Фанатичная тусовщица – в те годы я лишь изредка ухитрялась поесть, еще реже выспаться. Домой же старалась ездить совсем редко, дабы "не нарваться на пердячую траву", так как каждый визит заканчивался все тем же "избиением младенцев" или еще хуже, "битвой на рельсах". Моя скорая на расправу мамочка категорически отказывалась принимать всерьез факт, что "ученого учить – только портить". За отсутствие авторитетов, академические задолженности и запах перегара мама называла меня "проститней", "стервью тонконогой", утверждая, что на уме у меня одни "смехуечки и пиздохаханьки", но ее крики по-прежнему не помогали.
Я презирала ее шашелью побитые коммунистические комплексы, а уж любоваться семейной версией Мухи-Цокотухи с полным отсутствием надежды на счастливый конец... Спасибо большое!
В глубине души меня, конечно, мучило чувство вины и порой, видя, как сладострастно отчим тиранит маму, мне хотелось презрев уроки христианских классиков, "врезать ему по чану, шоб не гавкал", забрать ее и отъехать в неизвестном направлении. Однако "неизвестное направление" располагалось за прояснившим свои семантические контуры бугром, и никто туда никого взять не мог.
Четыре года я, как в чаду, прожила пользуясь заимствованными мыслями, временно пустовавшими квартирами и, что греха таить, объятьями чужих мужей. Я порядком надоела себе самой, друзьям и родственникам, исчерпавшим лимит гостеприимства на многие годы вперед. Уже совсем недалеко грозно маячило страшное слово РАСПРЕДЕЛЕНИЕ, а мои поклонники, как перезревшие груши, падали в руки скромных обладательниц штампа с московской пропиской в паспорте.
Чтобы не загреметь в Сибирь по этапу, уже пройденному когда-то моей матерью, мне срочно нужно было решать свои запутанные личные дела. Меж тем, решать их я не умела.

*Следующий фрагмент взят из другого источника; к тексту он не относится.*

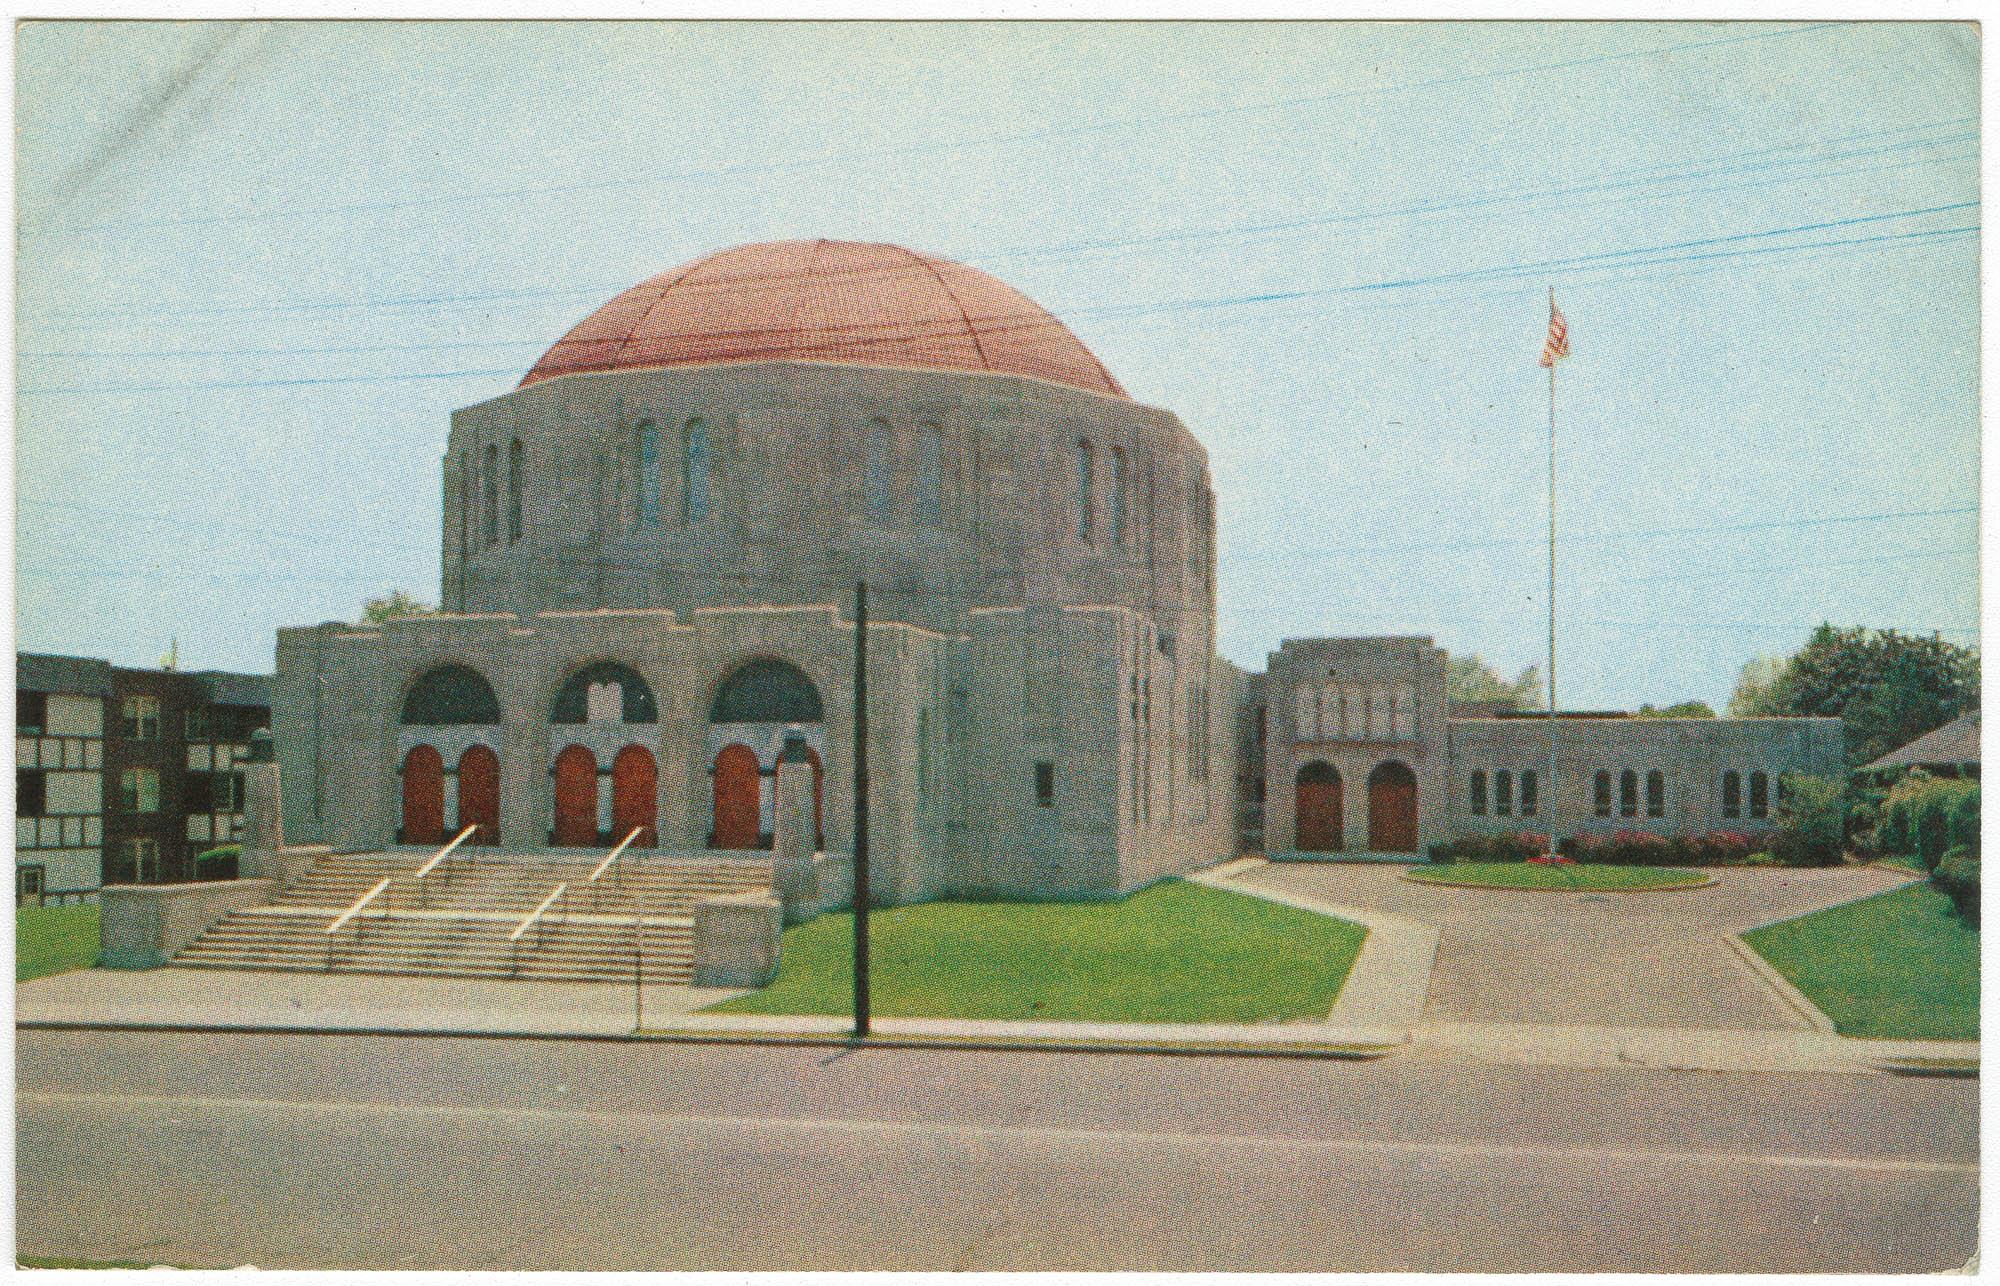 Temple Beth Israel and Silberman Memorial Chapel, Hartford, Conn.
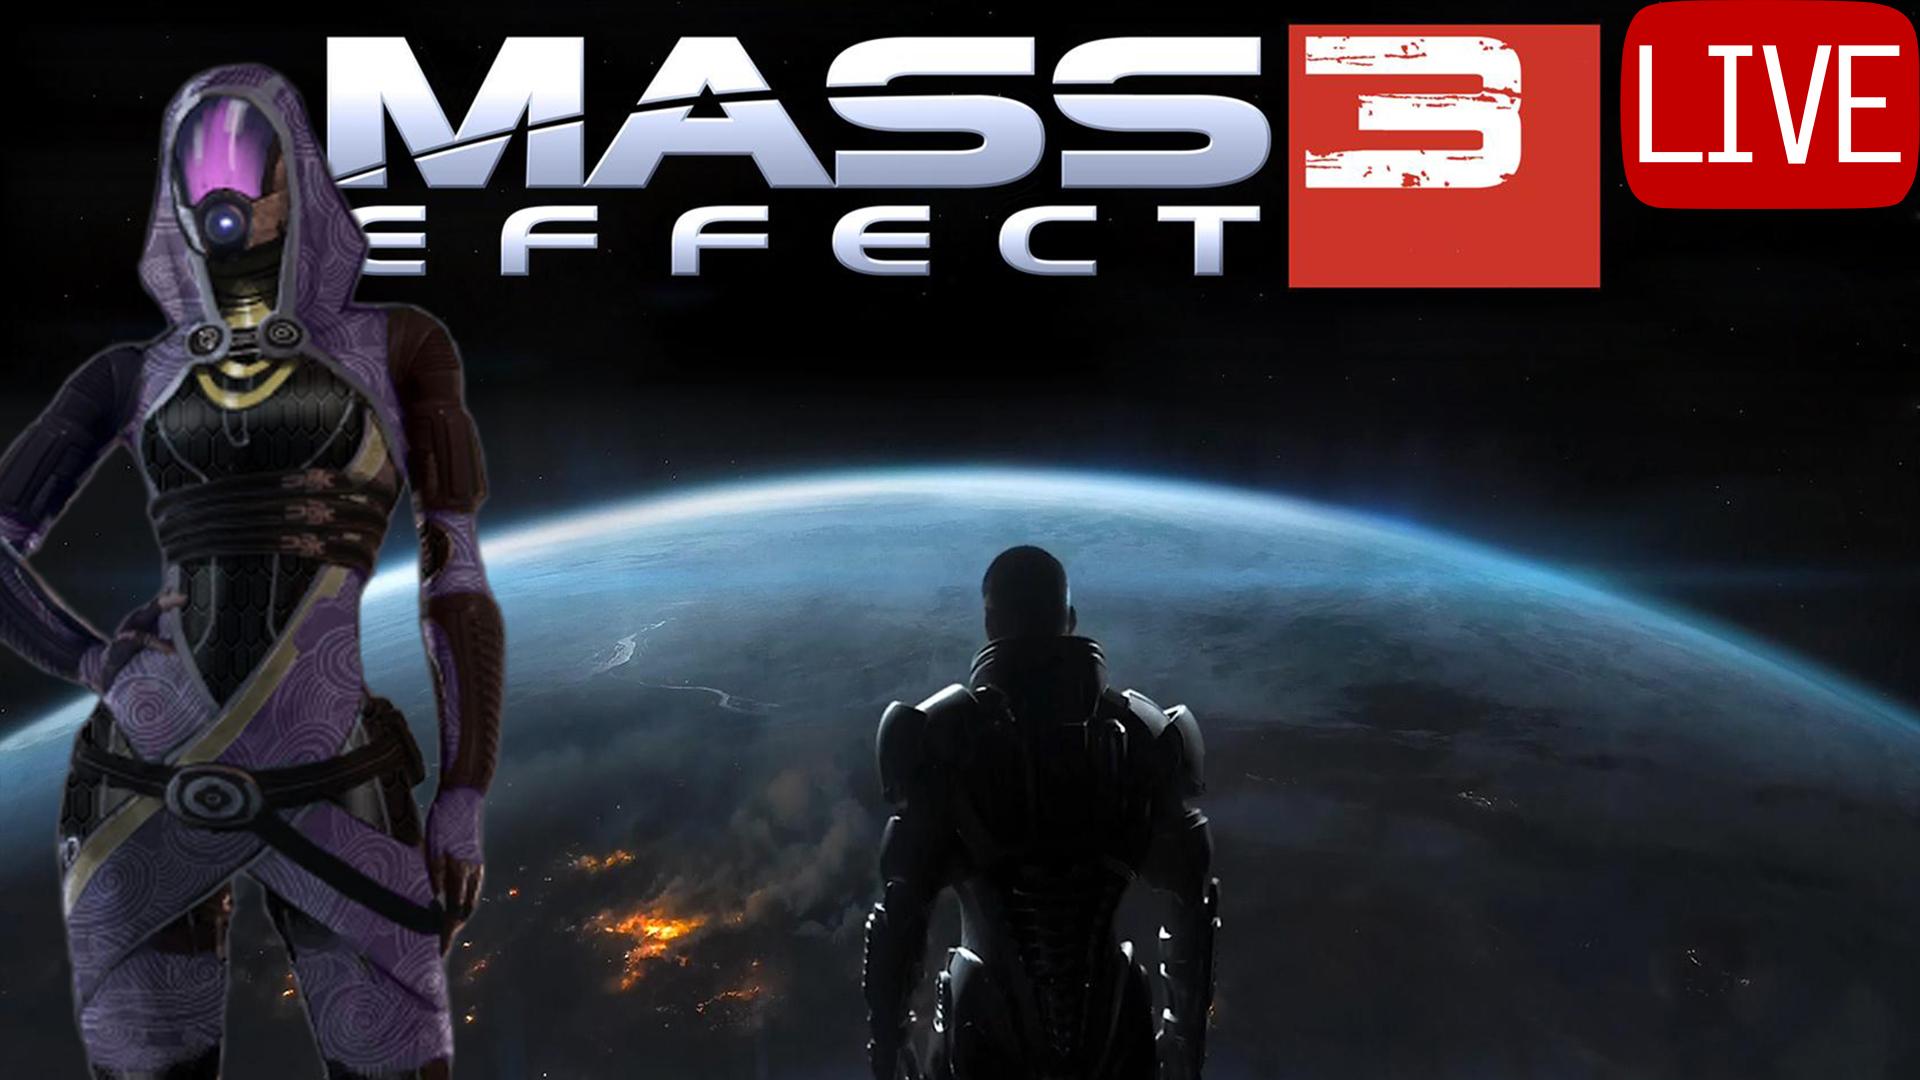 Mass Effect 3 Thumbnail Live Tali

Не знаю, чем бы все кончилось, не вмешайся мама в очередной раз в мою судьбу. Сначала я обращала внимание на ее речи о замужестве не более, чем на шум сливного бачка в туалете. Сама мысль казалась мне вздорной. Достаточно было оглядеться кругом, чтобы понять, что счастливых браков нет, но есть покой и воля, к которым я и стремилась. Однако покой и воля в Сибири меня не устраивали. Постепенно смысл ее речей стал до меня доходить. Впервые за несколько лет я обратила, наконец, благосклонное внимание на Эдика, худо-бедно обитавшего доселе на окраинах моего сознания.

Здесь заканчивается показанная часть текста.